Deputy Leader of the National Party
- In office 30 May 2022 – 12 May 2025
- Leader: David Littleproud
- Preceded by: David Littleproud
- Succeeded by: Kevin Hogan

Deputy Leader of the National Party in the Senate
- In office 27 September 2022 – 30 June 2025
- Leader: David Littleproud
- Preceded by: Matt Canavan
- Succeeded by: Susan McDonald

Senator for New South Wales
- In office 1 July 2019 – 30 June 2025
- Preceded by: John Williams
- Succeeded by: Warwick Stacey

Personal details
- Born: 5 February 1972 (age 54) Sydney, New South Wales, Australia
- Citizenship: Australian; British (1972–2018);
- Party: National (since 1998)
- Occupation: Businesswoman; Politician;

= Perin Davey =

Australian politician

Perin McGregor Davey (born 5 February 1972) is an Australian politician. She was a Senator for New South Wales from 2019 to 2025, representing the National Party. She served as the party's deputy leader from 2022 to 2025.

==Early career==
Davey was born in Sydney on 5 February 1972. Her father Paul Davey was an ABC journalist who worked in the Canberra Press Gallery and later served as federal director of the National Party. He was born in England and she held British citizenship by descent until renouncing it in 2018 to stand for parliament.

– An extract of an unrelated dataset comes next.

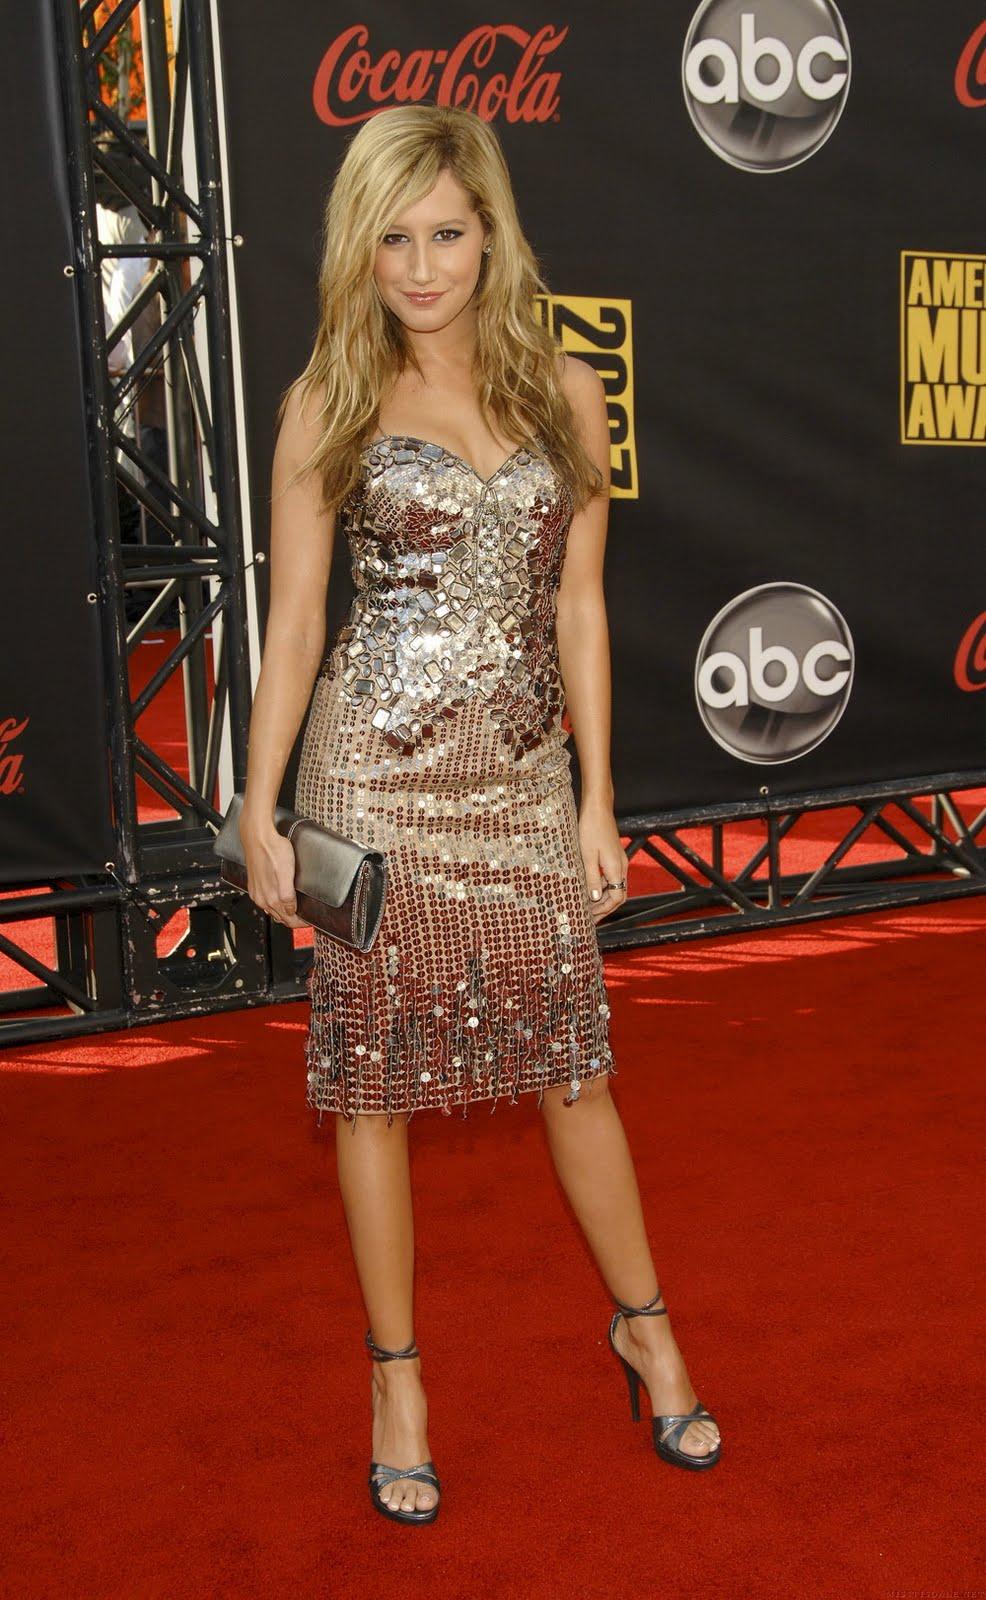 Ashley tisdale red carpet dresses - photo#18

Davey grew up in Canberra, attending Curtin Primary School and Alfred Deakin High School. After leaving school, she spent three years as a cadet journalist for the Mudgee Guardian. During the 1990s, she worked as an extra via a casting agency, making television appearances on Home & Away, E Street, and Water Rats, and appearing in the films Heavenly Creatures and Two Hands. She was also a safari cook in Botswana for three years. Davey later worked as a consultant for public relations firm Gavin Anderson & Co. (2000–2005), as a farm administrator for the Australian Agricultural Company (2005–2010), and as water policy adviser and corporate affairs manager for Murray Irrigation Limited (2010–2017). She also had two periods of service as a reservist with the Royal Australian Army Ordnance Corps (1990–1993, 1998–2005).

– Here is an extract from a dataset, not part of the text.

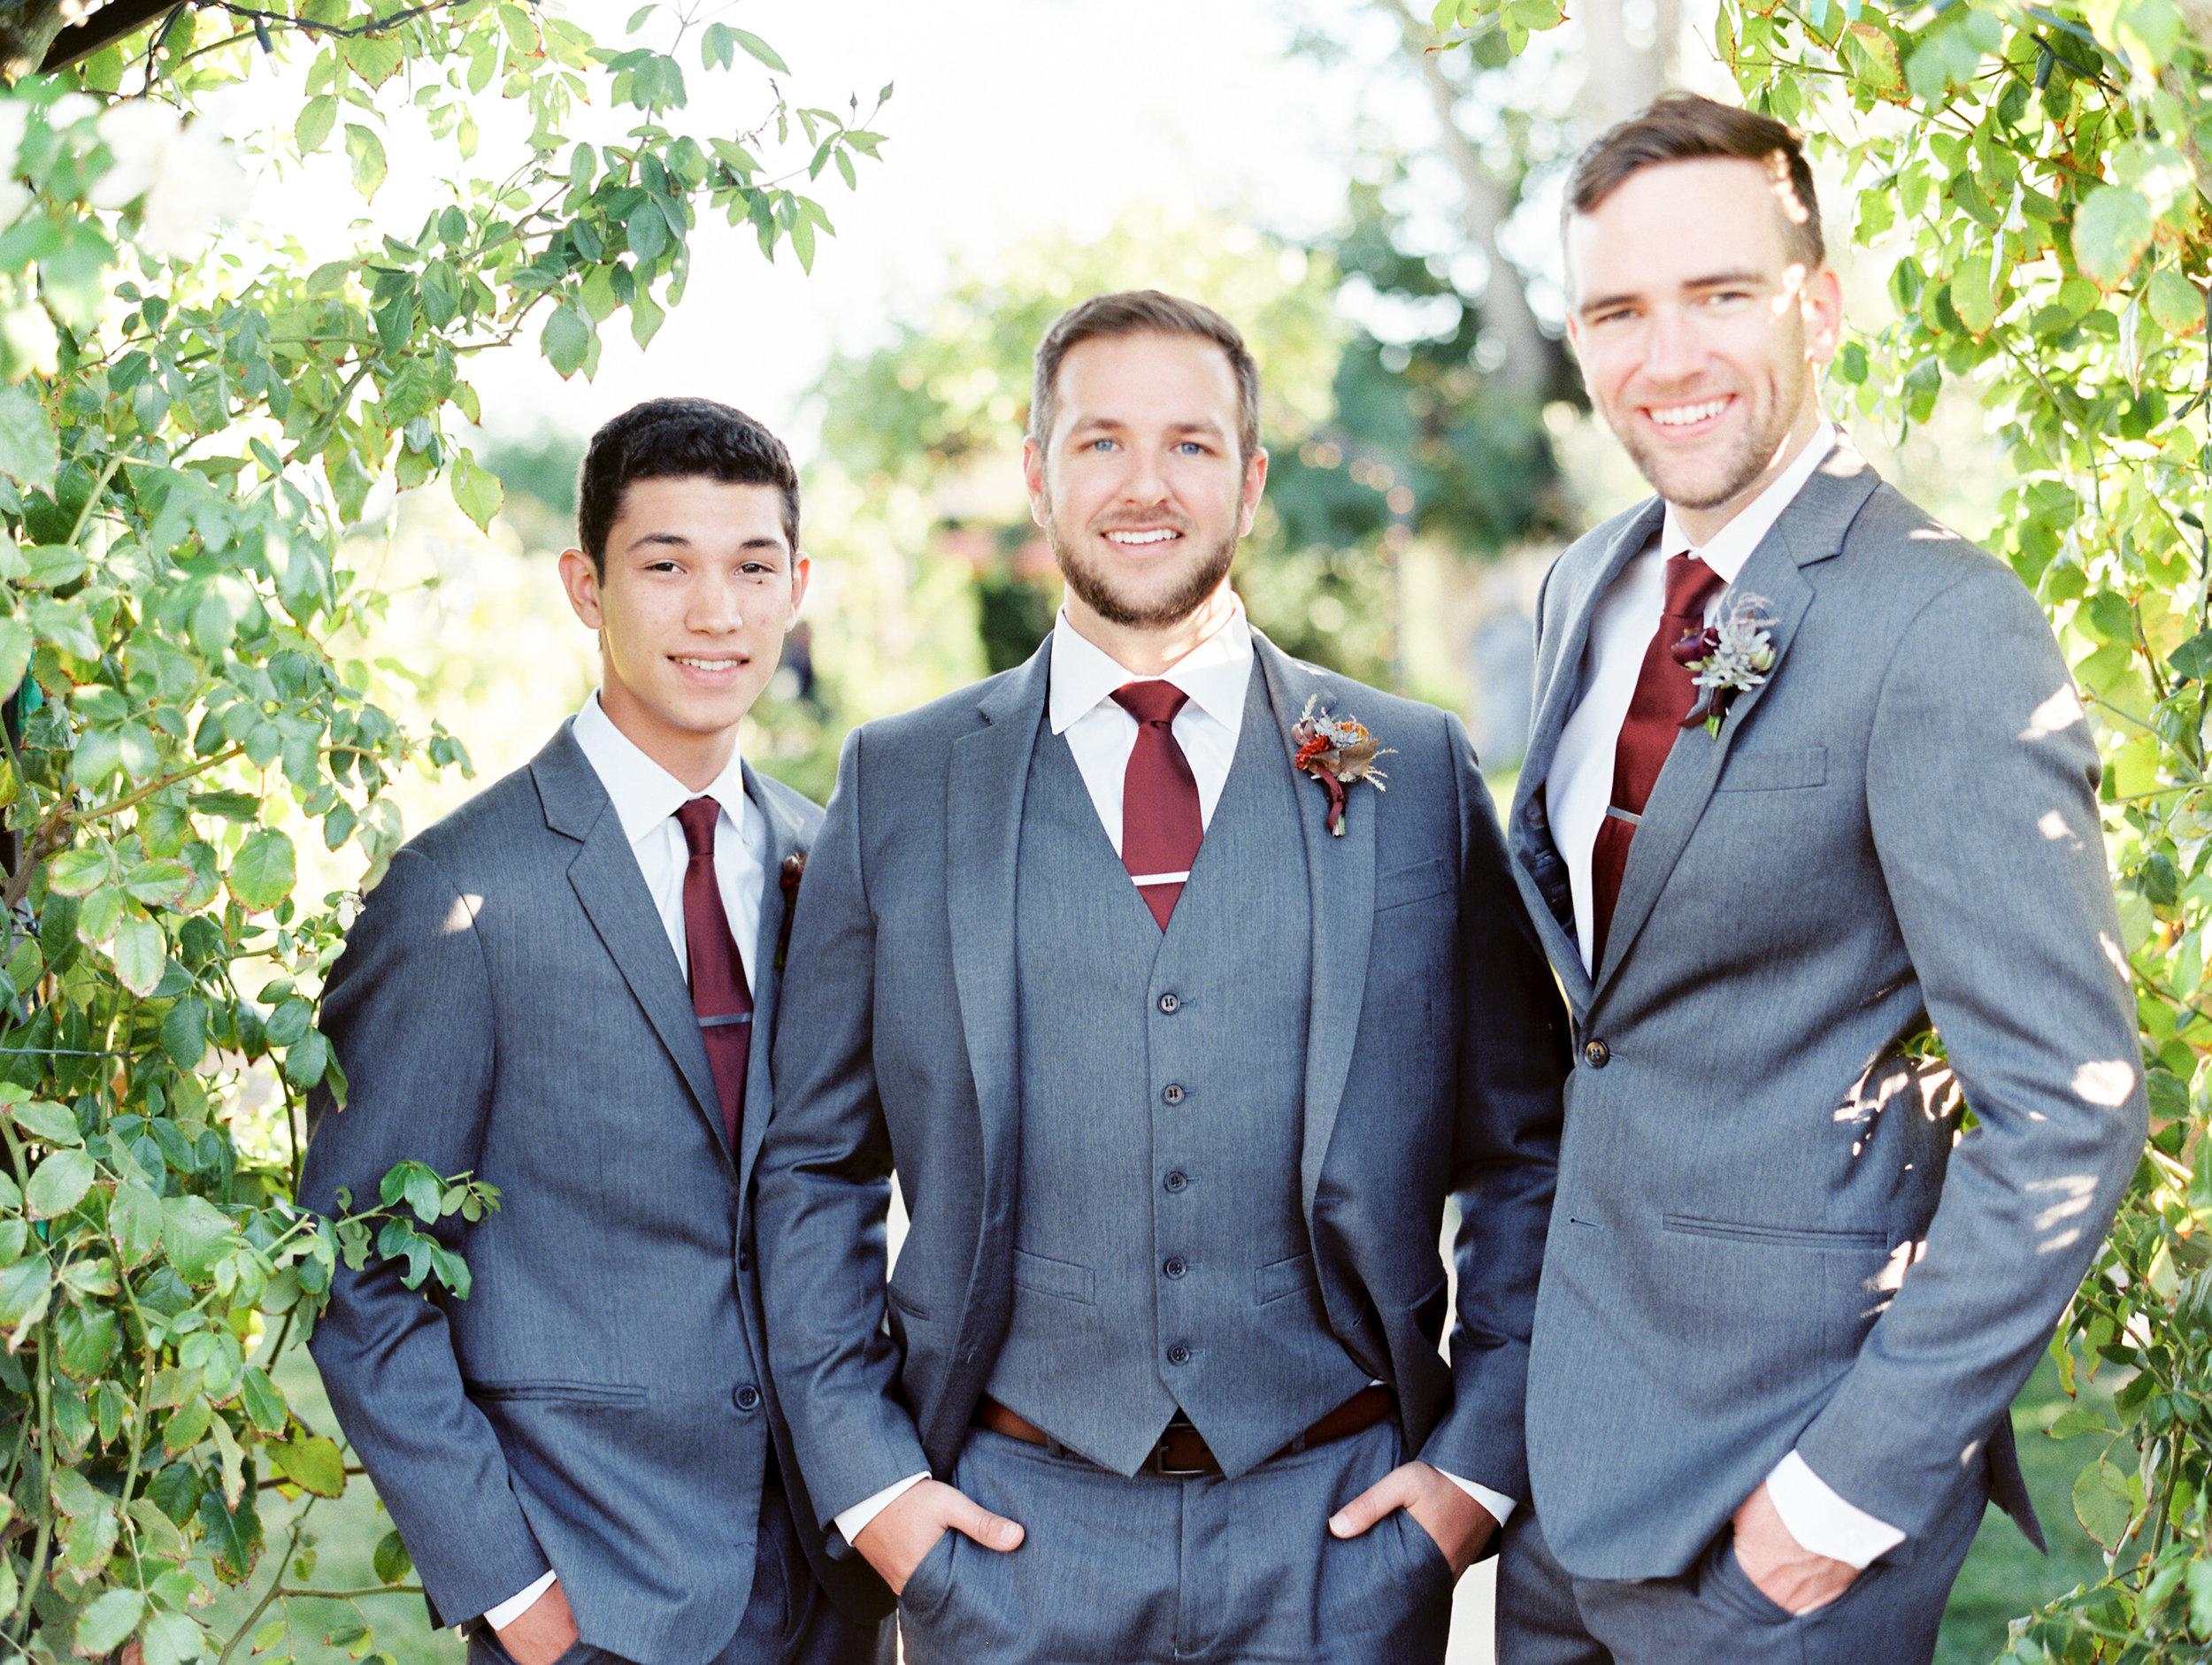 scribner-bend-vineyards-wedding-in-sacramento-california-2.jpg

Davey served on the board of the New South Wales Irrigators' Council from 2014 to 2016 and in 2017 was nominated to the board of the Murray-Darling Basin Authority by federal agriculture and water minister Barnaby Joyce. Her nomination was opposed by South Australian water minister Ian Hunter on the grounds that she was not independent. She eventually asked Joyce to withdraw her nomination, after it was reported that a New South Wales government official had been recorded offering her government data to "help irrigators exploit the Murray-Darling Basin Plan".

==Politics==
Davey joined the Nationals in 1998 and worked as a media adviser to Senator Ron Boswell in 2000. Before entering parliament, she held various offices in the New South Wales branch, including vice-chairman of the women's council, central council member, and chairman of the Deniliquin branch.

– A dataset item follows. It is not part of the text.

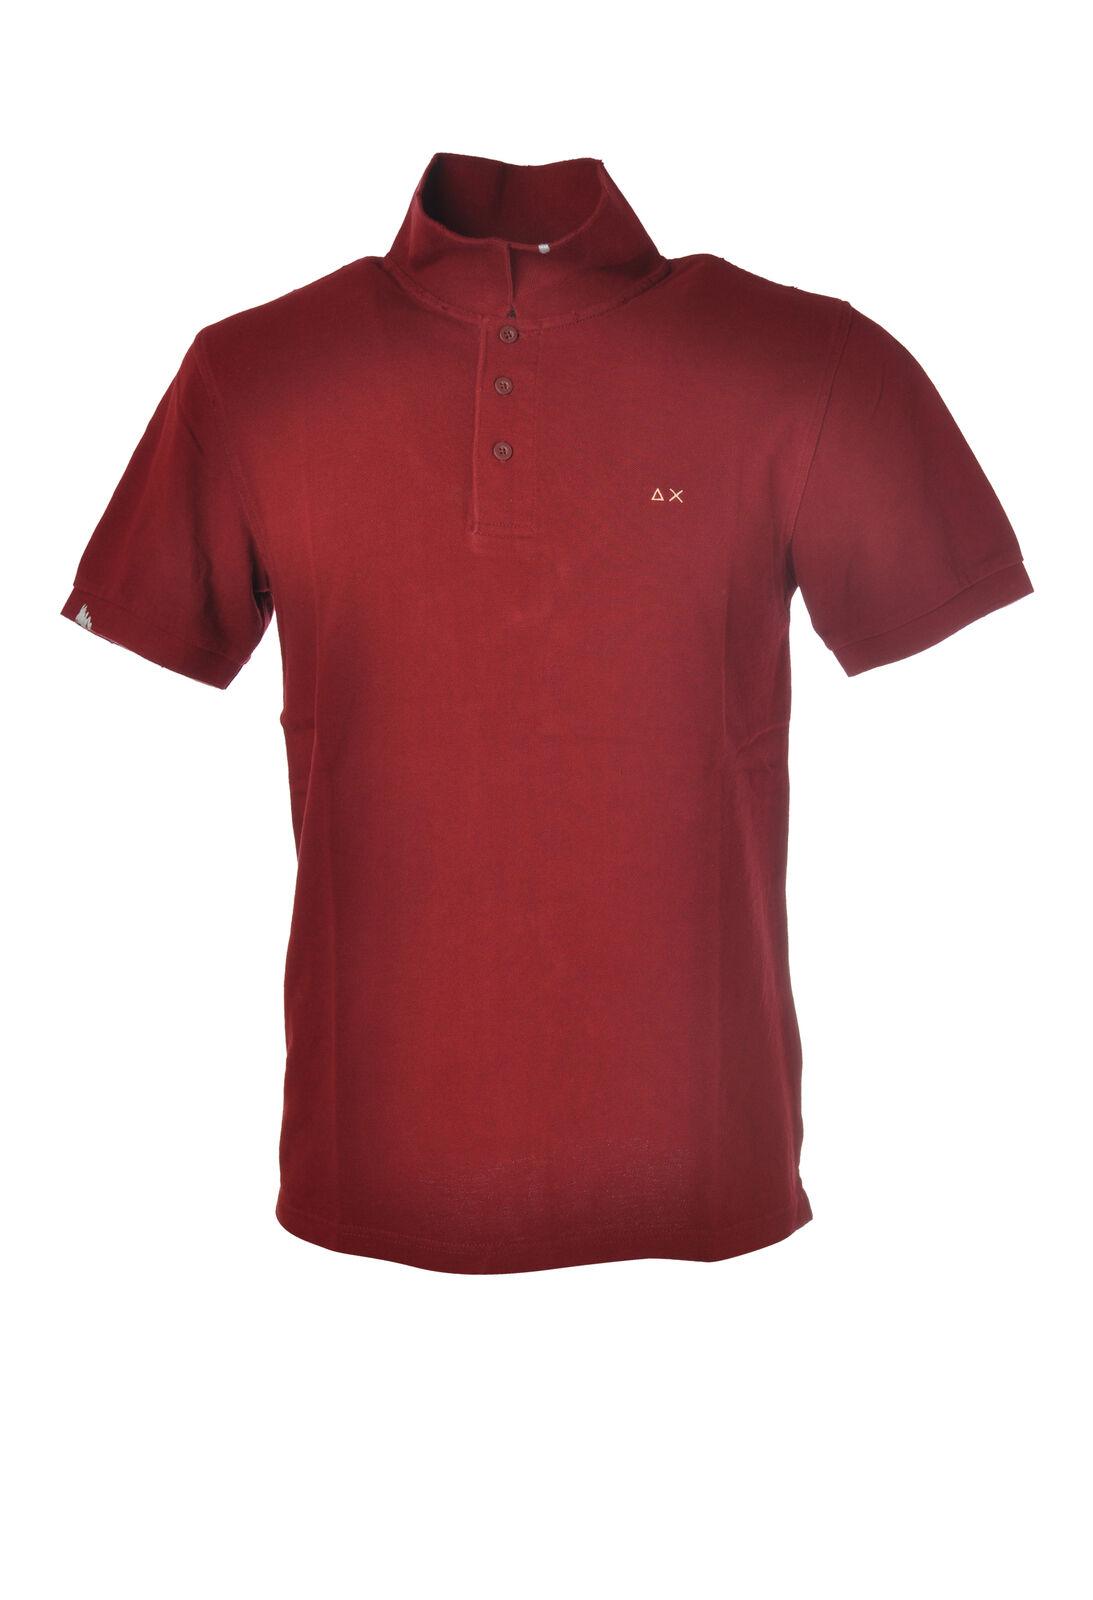 Sun 68 - Topwear Polo - Mann - red - 6000613C190859

Davey was elected to the Senate at the 2019 federal election, in third place on the Coalition's ticket in New South Wales. Her term began on 1 July 2019. She was subsequently elected as the Nationals' Senate whip.

In a leadership spill following the 2022 federal election, Davey was elected deputy leader of the Nationals in place of David Littleproud, who had been elected to succeed Barnaby Joyce as leader.

In February 2024, Davey attracted criticism for speaking in a slurred manner during a Senate estimates committee meeting after having attended a National Party drinks event. However, Davey later explained that her speaking difficulties were the result of a medical problem.

At the 2025 federal election, Davey was again third on the Coalition Senate ticket, but failed to retain her seat. She was succeeded as deputy leader by New South Wales MP Kevin Hogan.

==Personal life==
Davey lives with her husband John Dickie and two daughters on a property in Conargo, New South Wales, just outside Deniliquin. As of 2019 she also owned an investment property in Canberra.